Committed to providing comprehensive support for global drug development

The Lymphotoxin-beta receptor (LTBR), also known as Tumor Necrosis Factor Receptor Superfamily Member 3 (TNFRSF3), is a cell-surface receptor involved in apoptosis and cytokine release. LTBR is a type I single-pass transmembrane protein and a member of the Tumor Necrosis Factor Receptor (TNFR) family; it plays a pivotal role in the development of secondary lymphoid organs. LTBR is expressed by a variety of immune cells—including lymphoid tissue stromal cells, myeloid cells, monocytes, alveolar macrophages, mast cells, dendritic cells (DCs), and most other immune cells—but is not expressed in T cells, B cells, or NK cells.

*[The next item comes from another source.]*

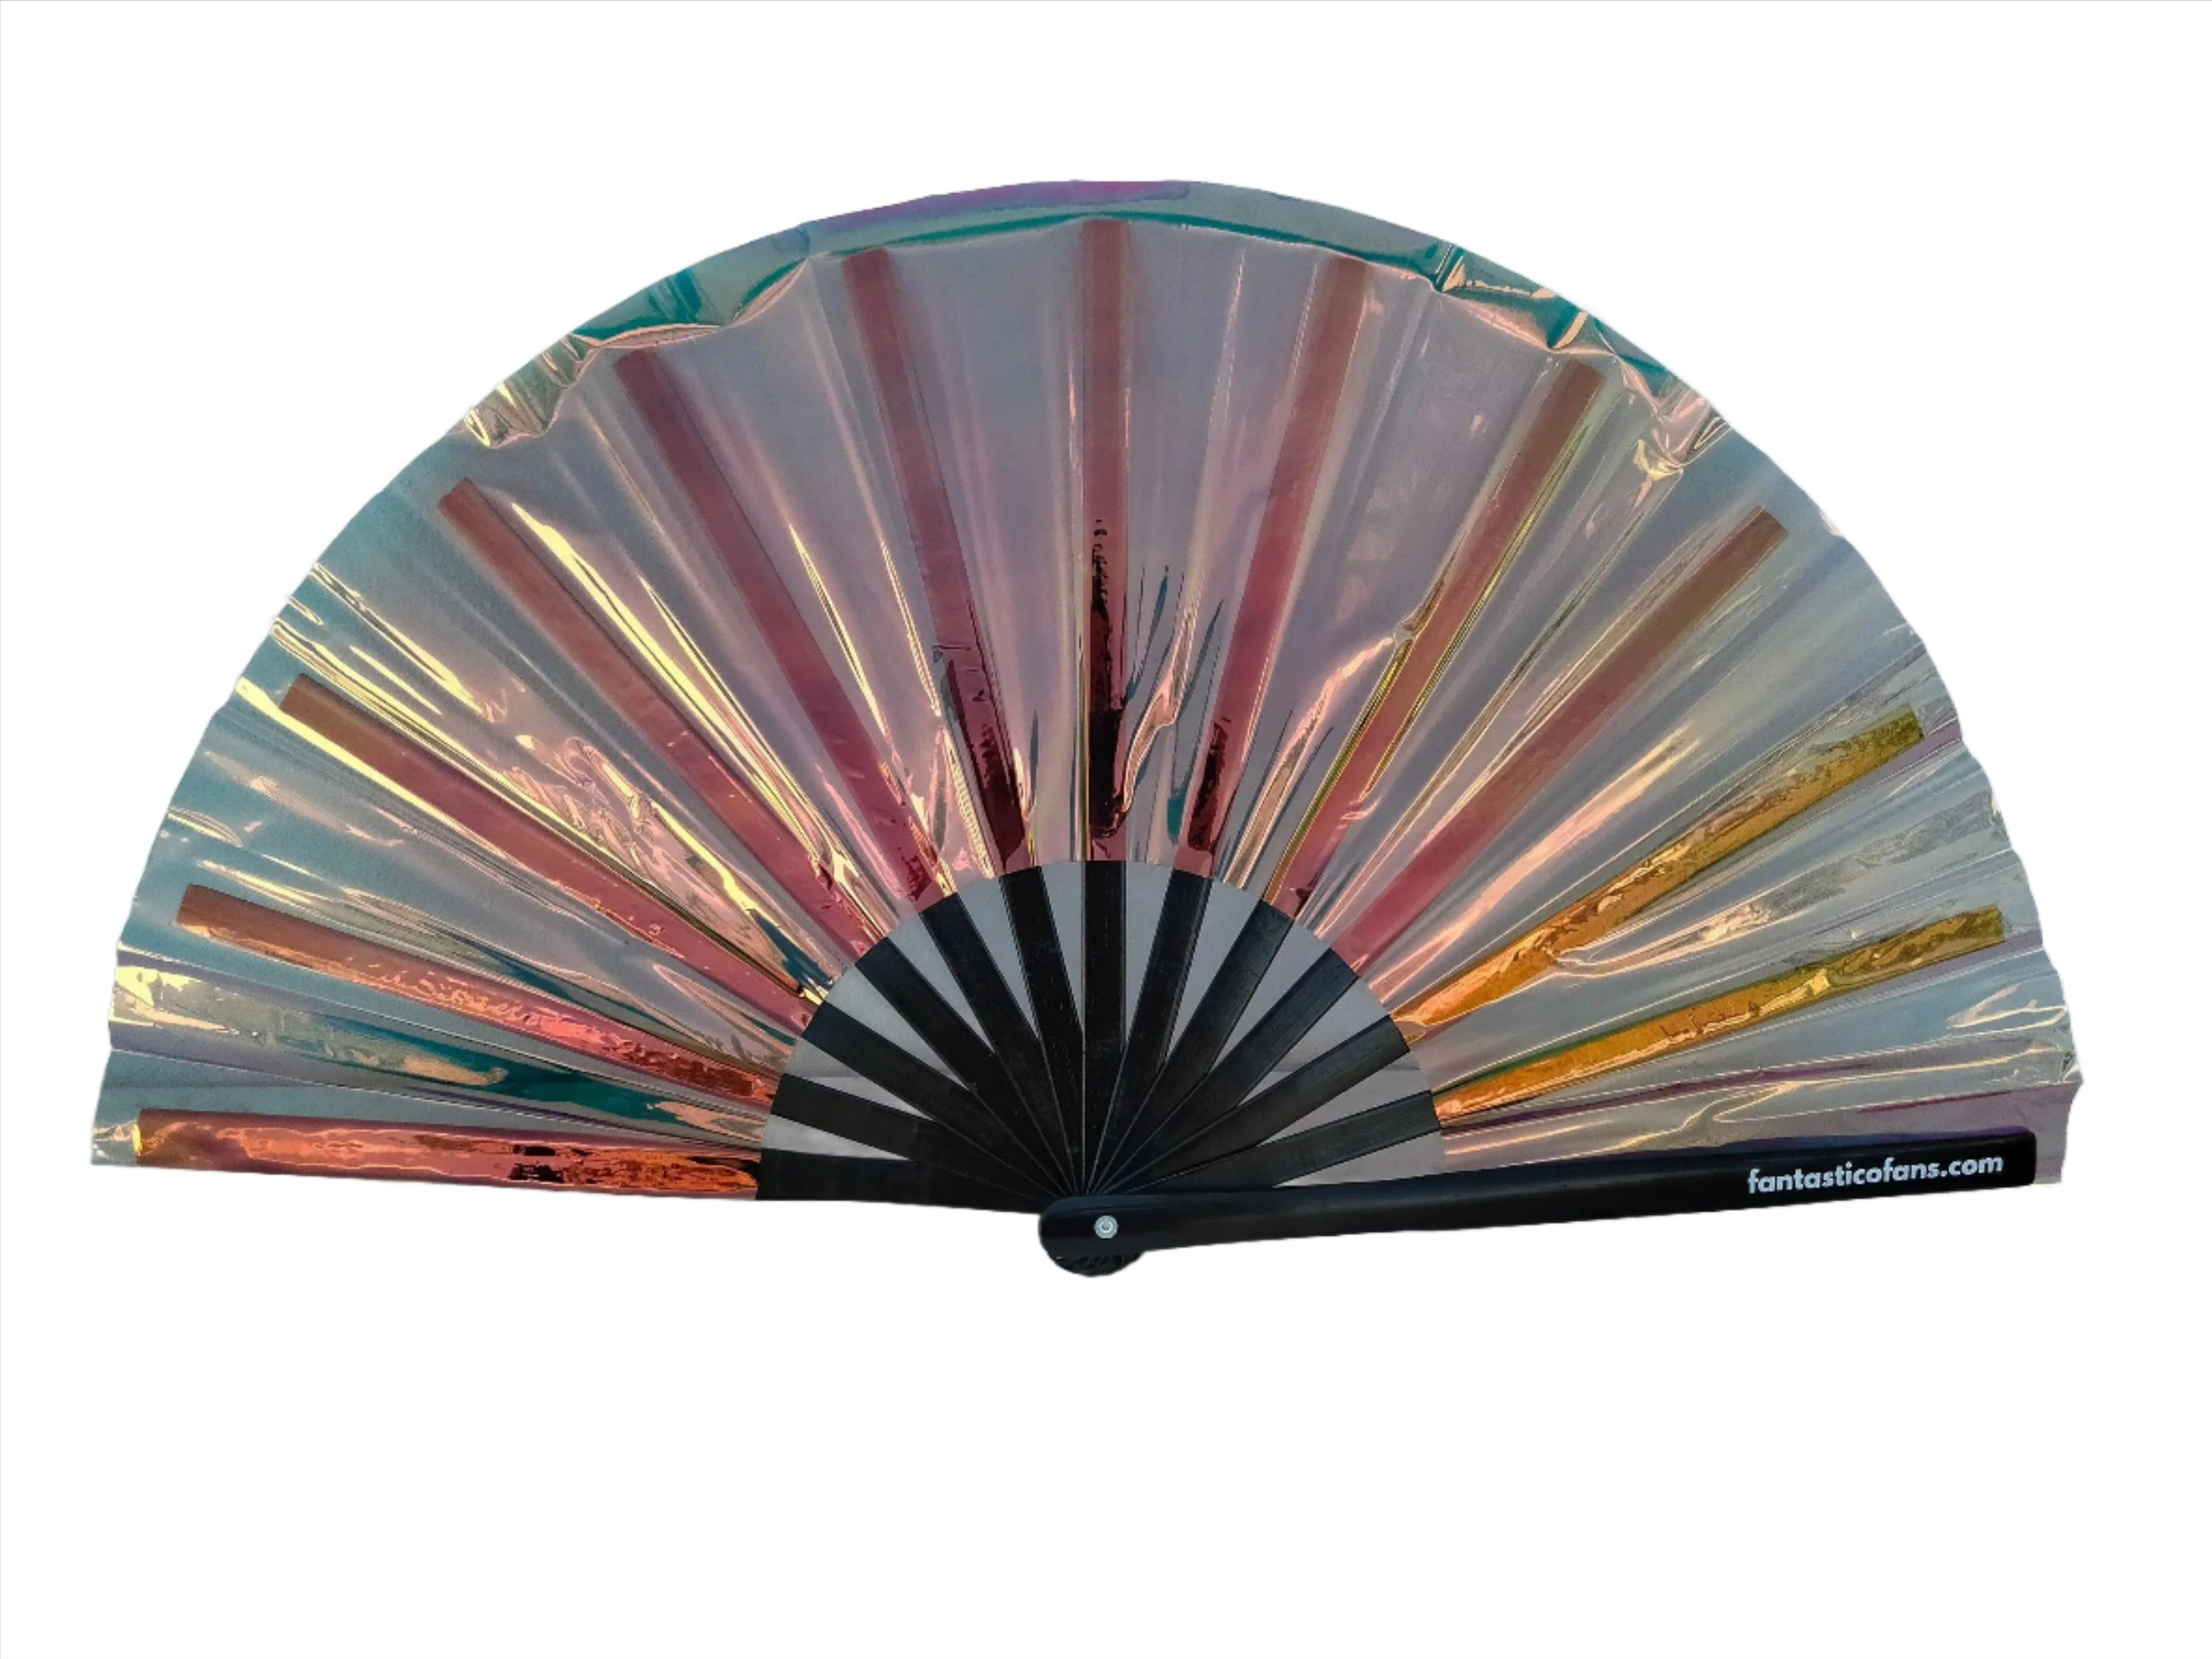 Holographic shimmer XL Fan - metallic Peacock Fantastico Fans

LTBR has two distinct natural ligands: LTα1β2 and LIGHT (TNFSF14). LTα1β2 does not bind to any molecule other than LTBR, ​​whereas LIGHT also binds to HVEM.

The Jurkat E6.1 Human LTBR Effector Reporter Cell Model—effectively simulates the signal transduction process of LTBR *in vivo*. The underlying principle is illustrated in the figure below.

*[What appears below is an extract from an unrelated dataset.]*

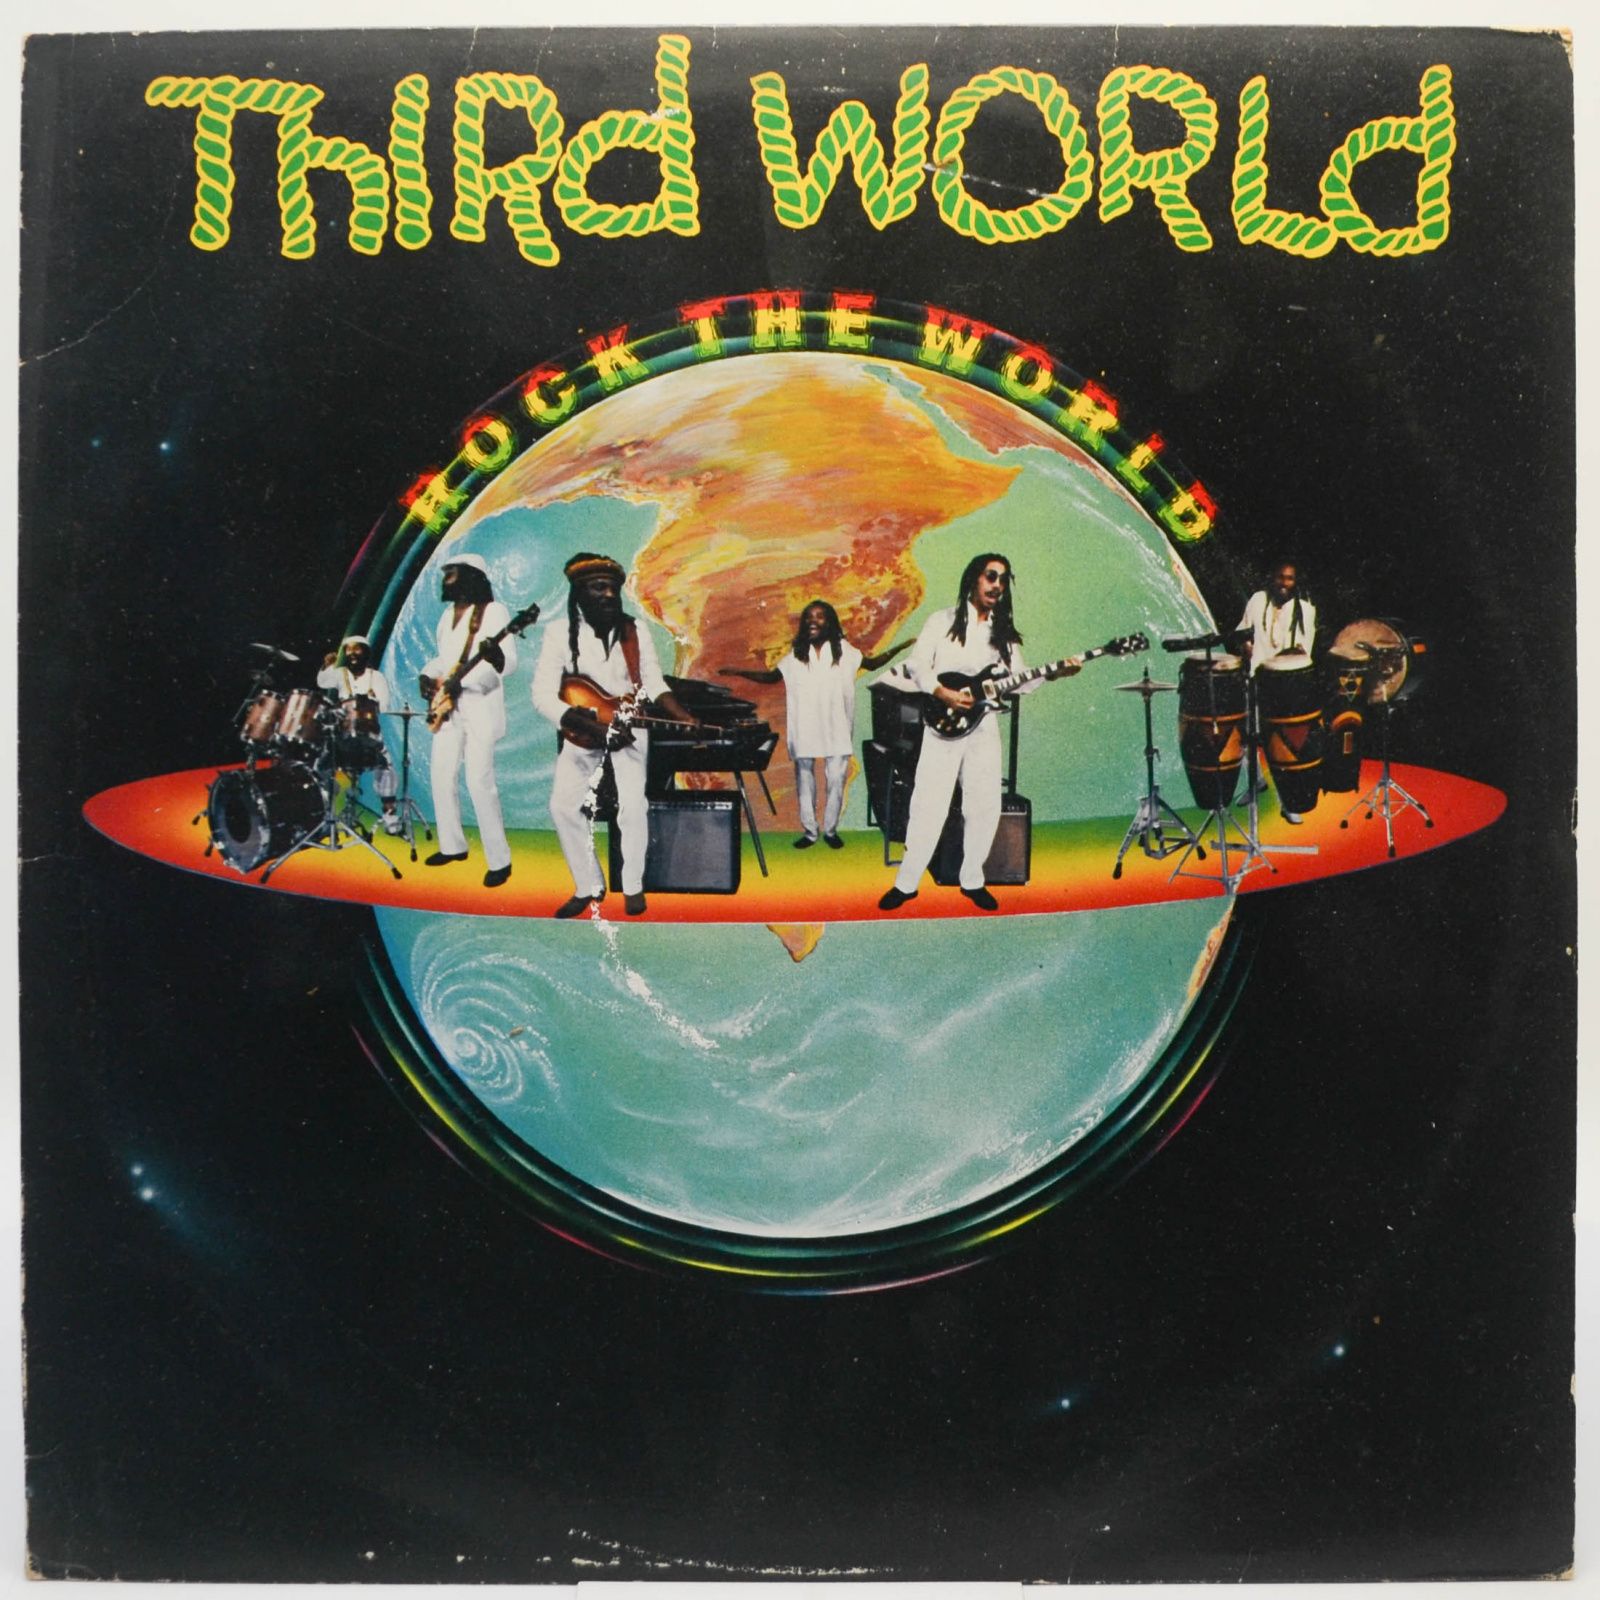 Third World — Rock The World, 1981

Figure 1. Schematic Diagram of the Jurkat E6.1 Human LTBR Effector Reporter Cell Model

Figure 2. Recombinant LTBR Effector Reporter Cell stably expressing LTBR.

Figure 3. Dose Response of  Human LTBR Agonist Antibody in LTBR Effector Reporter Cell (C68).

Cell Passage Procedures

1.This cell line grows in suspension.
2.Upon receipt, cells should be thawed immediately or stored in liquid nitrogen until use.
3.Before thawing, pre-warm the water bath and culture medium to 37 °C, and prepare a small amount of dry ice.
4.Remove the cryovial from storage and transport it to the cell culture laboratory on dry ice.
5.Rapidly thaw the cells in a 37 °C water bath. Once the cells are completely thawed, spray the cryovial with 70% ethanol for disinfection and transfer it to a biosafety cabinet.
6.Add 10 mL of pre-warmed culture medium into a 15 mL centrifuge tube. Transfer the contents of the cryovial into the tube and centrifuge at 1000 rpm for 5 minutes.
7.Carefully discard the supernatant. Resuspend the cell pellet in 5 mL of pre-warmed culture medium by gentle pipetting. Immediately perform cell counting and adjust the cell density to 3–6 × 10⁵ cells/mL based on the counting results, then transfer the cells into a culture flask.
8.Count the cells every 1–2 days. When the cell density exceeds 1 × 10⁶ cells/mL, passage the cells promptly or add fresh culture medium. Maintain the cell density between 2 × 10⁵ and 1 × 10⁶ cells/mL.

Suspension Cell Cryopreservation Procedure:

1.Collect 8 × 10⁶ cells, centrifuge, and discard the supernatant.
2.Add 1 mL of cell freezing medium (90% FBS + 10% DMSO) and gently pipette to mix thoroughly. Transfer the suspension into a cryovial.
3.Immediately place the cryovial into a controlled-rate freezing container (Nalgene 5100-0001), fill with isopropanol up to the indicated level, and store at −80 °C.
4.After 24 hours, transfer the cryovial to liquid nitrogen for long-term storage.